Generally speaking, medical instrument circuits tend to work at a lower frequency, so the designers of these systems usually pay more attention to the noise in the frequency band of 0.1 to 10Hz, also known as peak to peak noise. Unfortunately, some data sheets do not provide time domain noise (peak to peak) values, but only typical charts of voltage or current noise density. In addition to waiting for the circuit supplier to provide measurement data, there is a fast method to help calculate the peak to peak noise.

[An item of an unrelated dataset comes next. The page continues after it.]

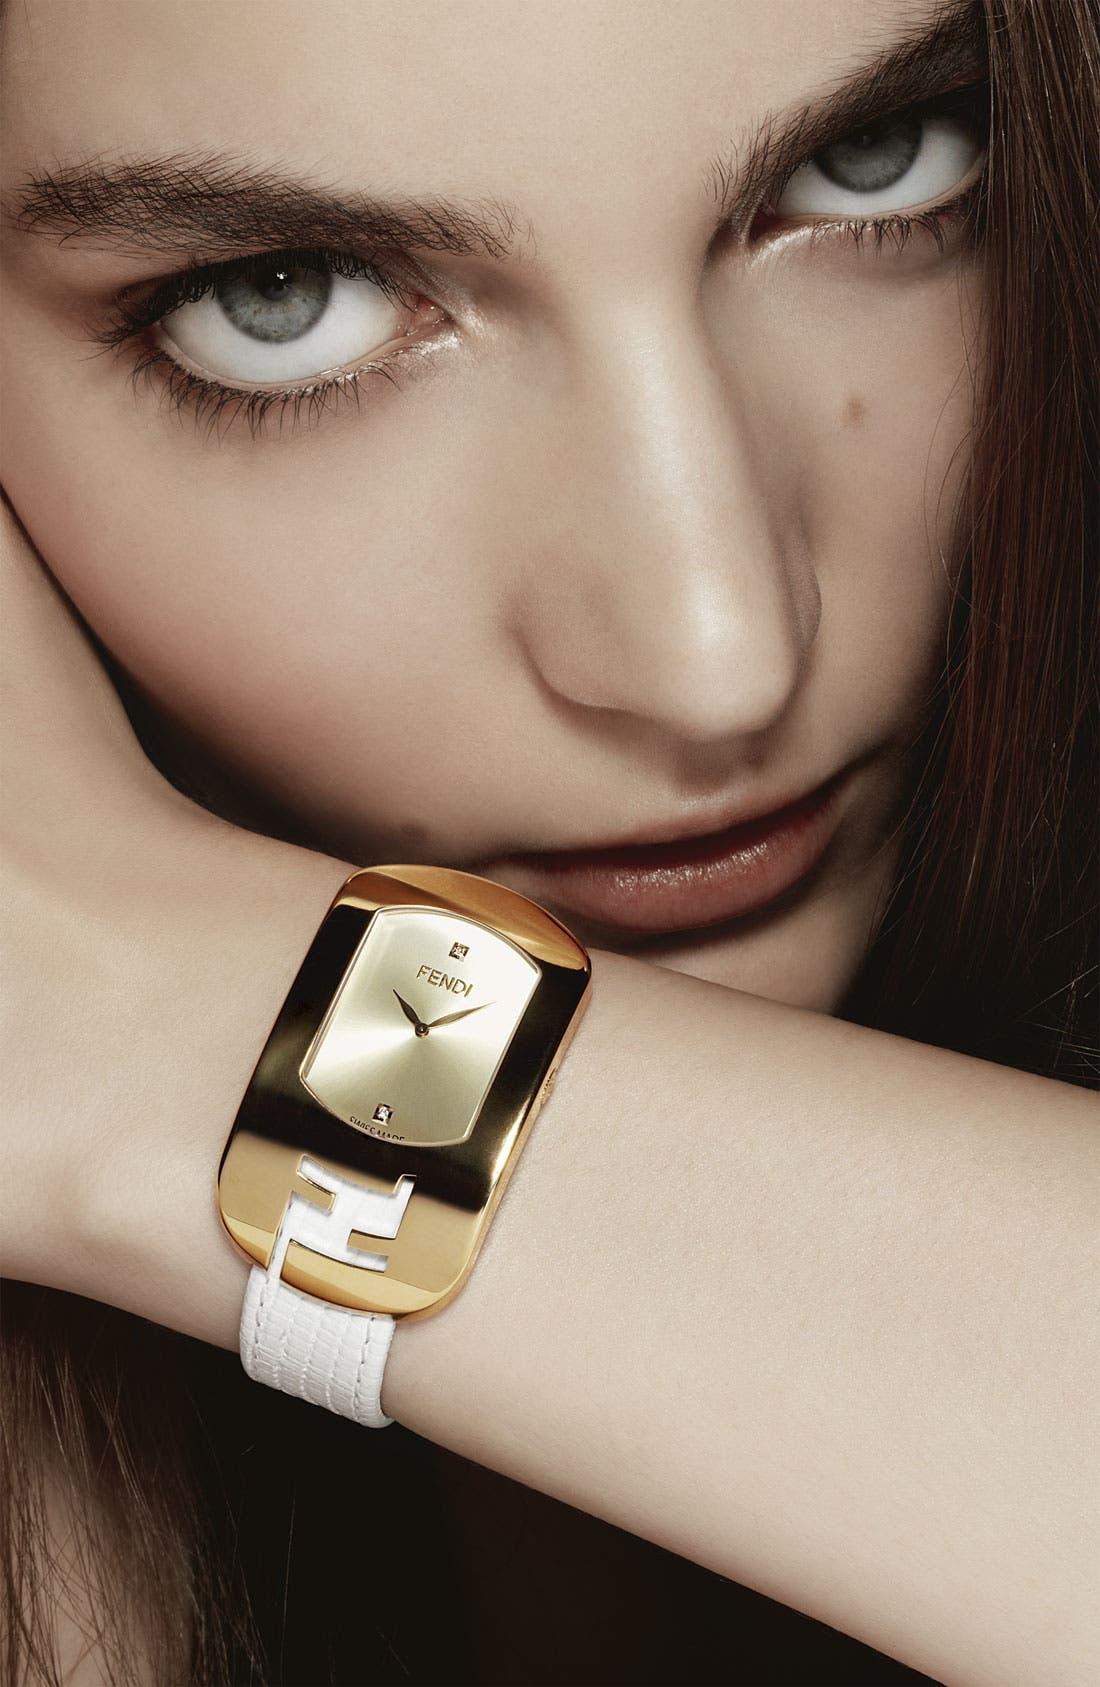 Alternate Image 2  - Fendi 'Large Chameleon' Leather Strap Watch, 29mm x 49mm (Nordstrom Exclusive)

Suppose you intend to use lmp7731 of national semiconductor to calculate the noise of peak to peak (0.1 to 10Hz) voltage. First, select a point in the frequency range within the specified frequency band, such as 1Hz, and the value in the comparison curve is 5.1nv / Hz (Fig. 2). Then use the following formula to calculate the root mean square value (RMS) of noise: Formula 1: ENRMS = "enf" ln (10 / 0.1), Where enf is the noise at 1Hz. The total root mean square noise of 10.9nv can be obtained through the above formula. If you want to calculate the peak to peak noise, you only need to multiply this root mean square value by 6.6 to obtain 72.2nv. The result of this estimation is quite good, which is close to the specification 78nv listed in the data sheet.

Fig. 2 Relationship between input voltage noise and frequency of lmp7731 frequency and voltage noise

If the voltage noise density diagram in the data sheet does not represent the noise value at 1Hz, you can use the following simple equation (equation 2) to calculate the value at a certain frequency.

Where ENB is broadband noise (usually the value at 1kHz), and FCE is the 1 / F inflection point. As for F is the frequency of interest, in our case, it is 1Hz.